◆ **Task details**:
For the copy, please give all of the data again exactly and leave the pictures out.

◆ **Collected material**:
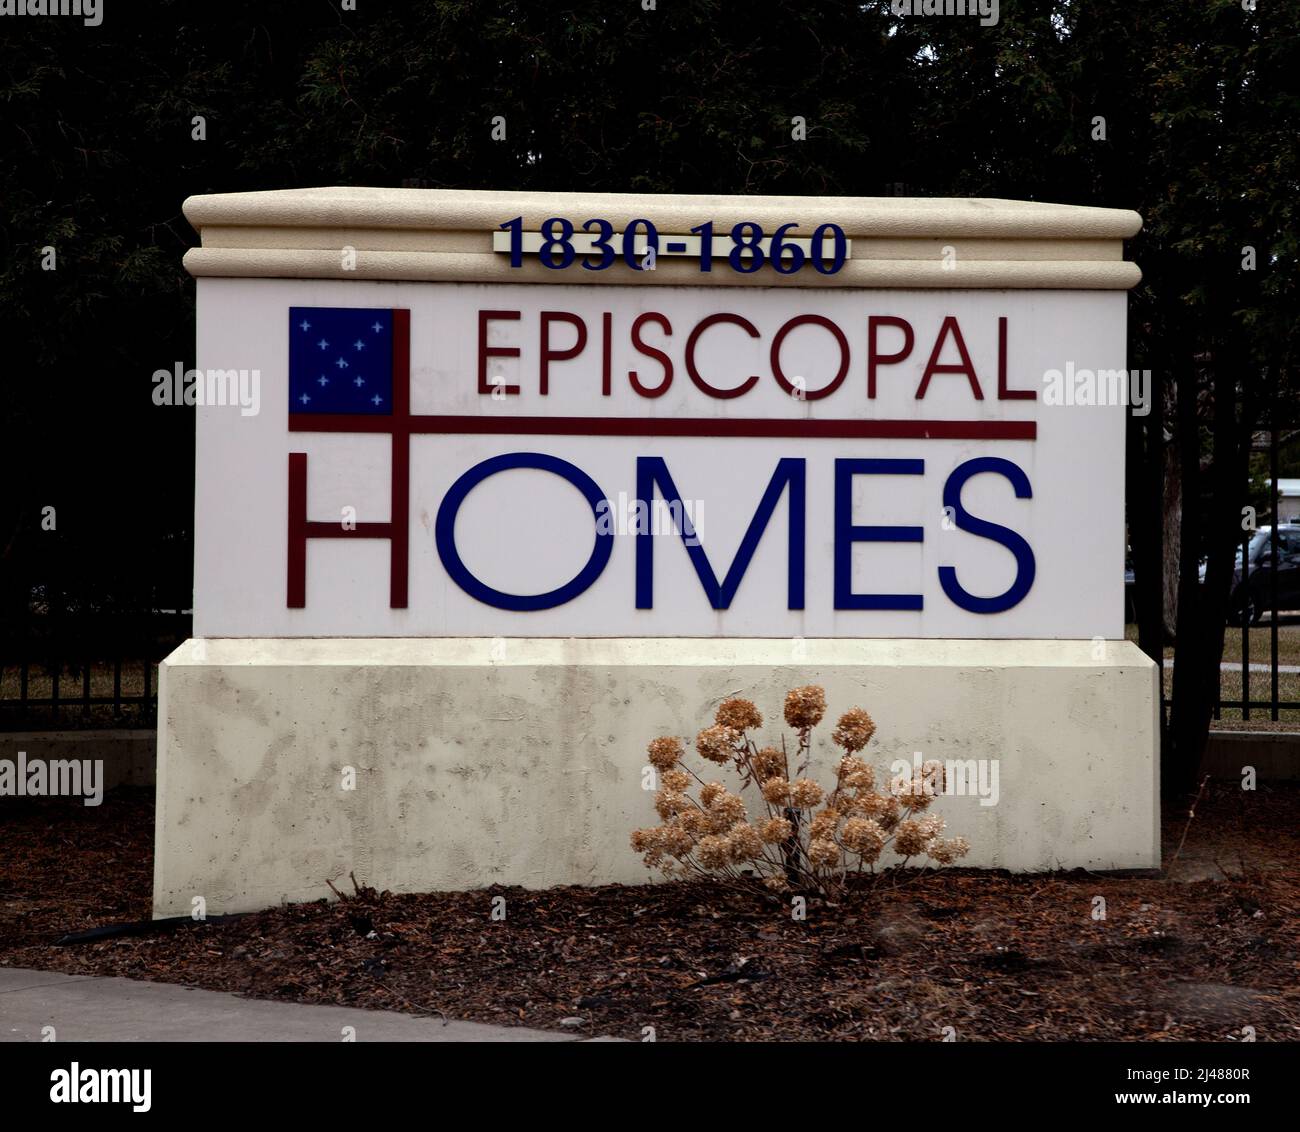 Sign for Episcopal Homes a place for senior living allowing for several levels of independence. St Paul Minnesota MN USA Stock Photo
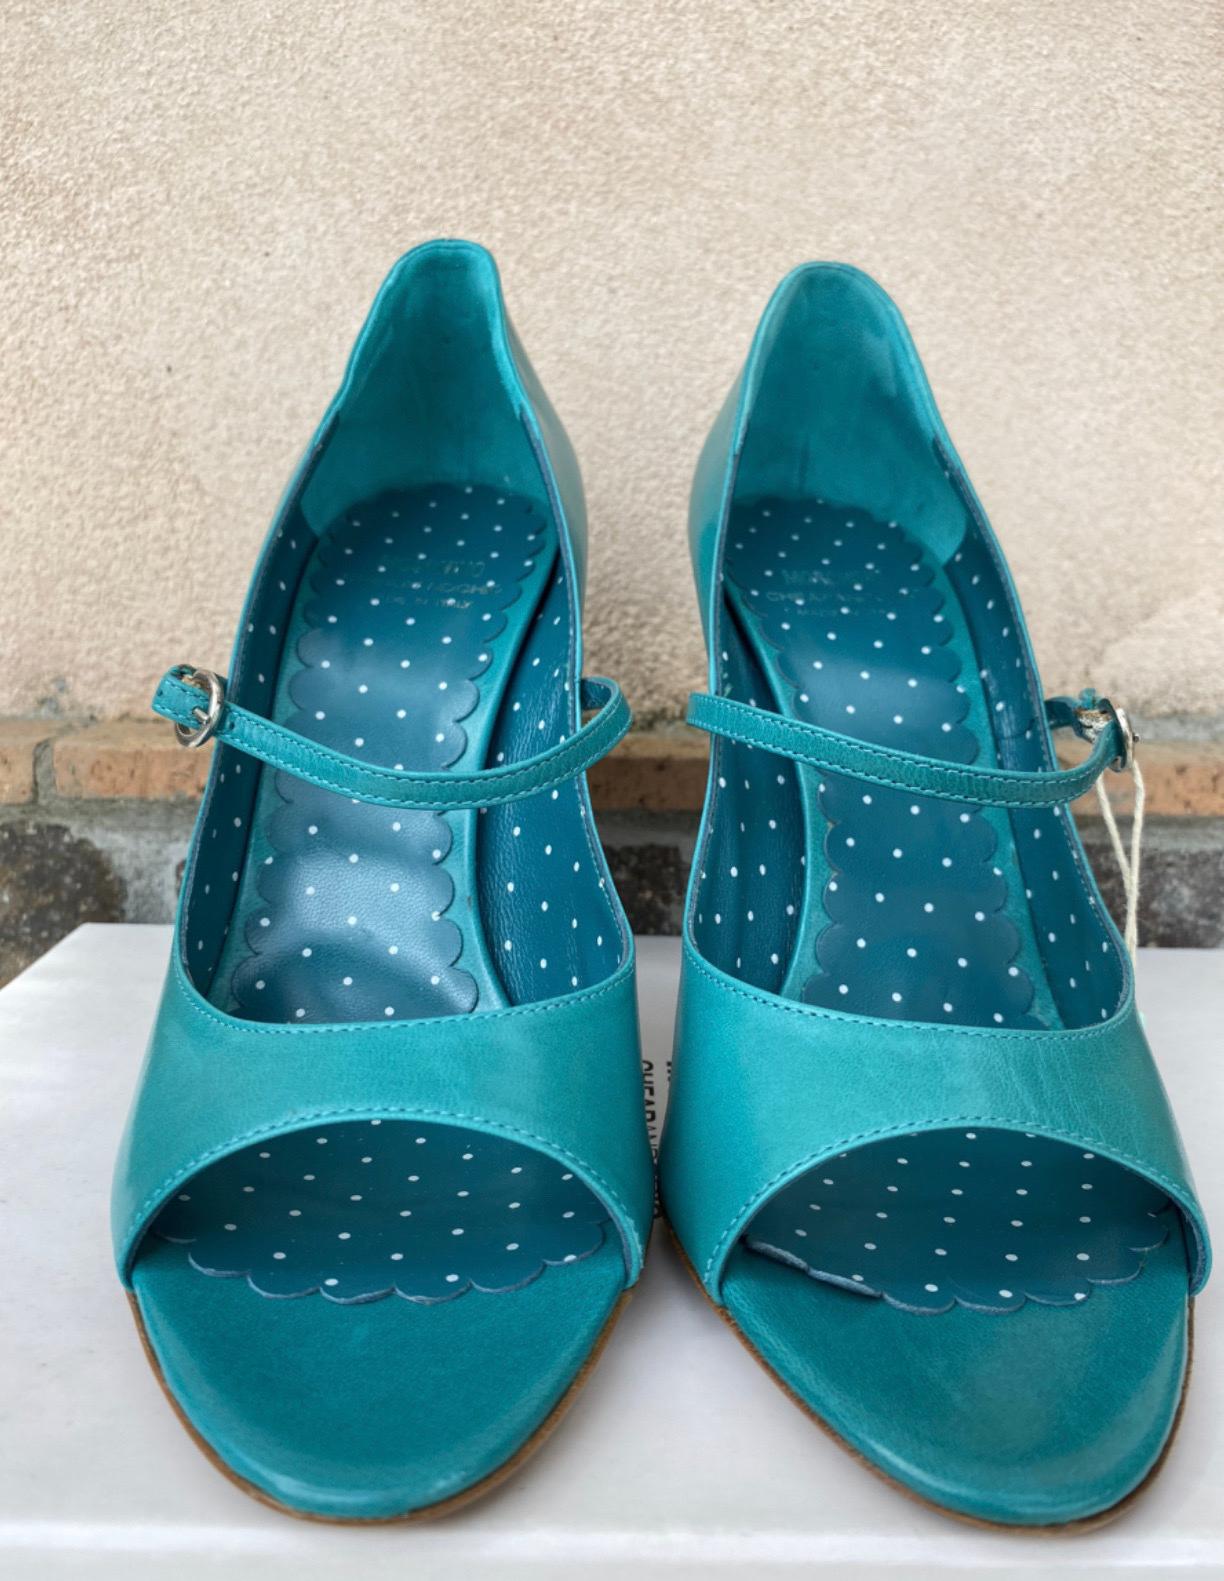 Blue Moschino Cheap & Chic teal Open toe Shoes For Sale
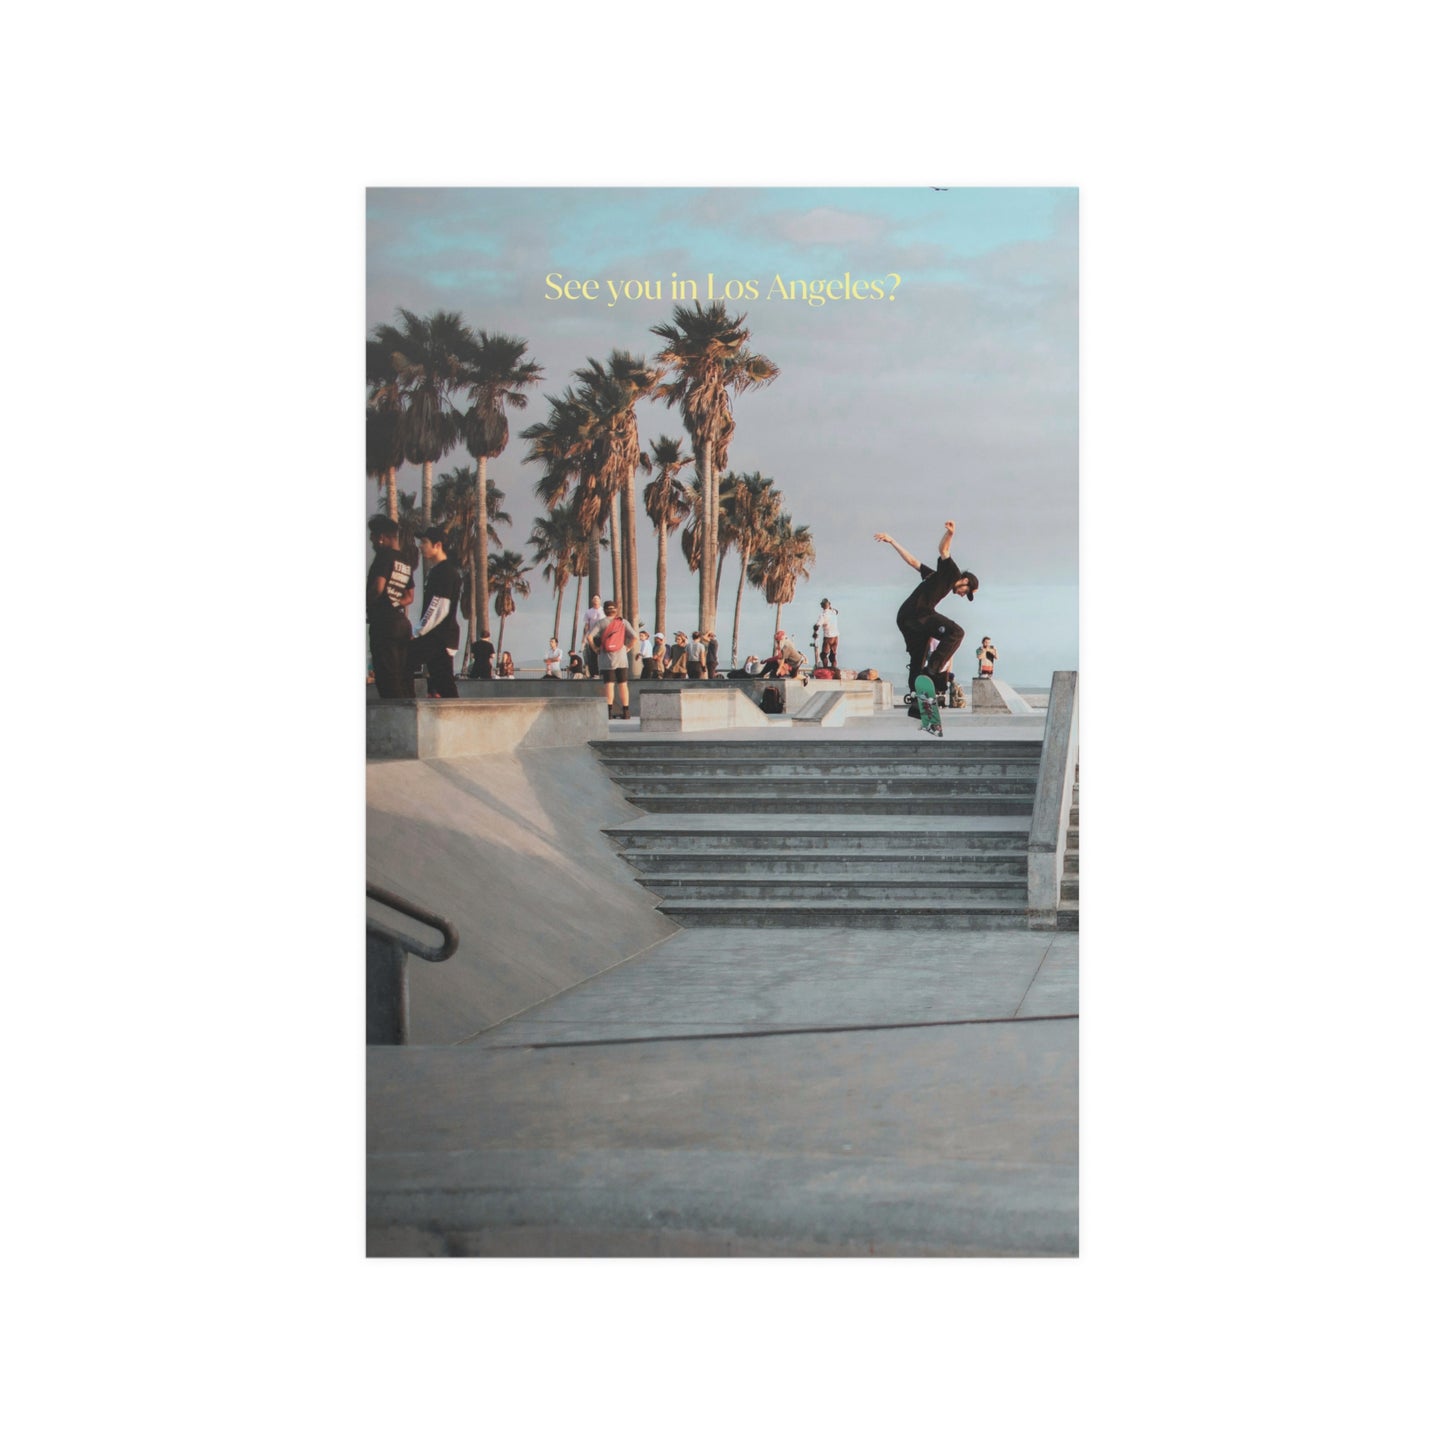 Los Angeles: Travel Photography Poster

◆ **Answer to this task**:
 Sign for Episcopal Homes a place for senior living allowing for several levels of independence. St Paul Minnesota MN USA Stock Photo
 Blue Moschino Cheap & Chic teal Open toe Shoes For Sale
 Los Angeles: Travel Photography Poster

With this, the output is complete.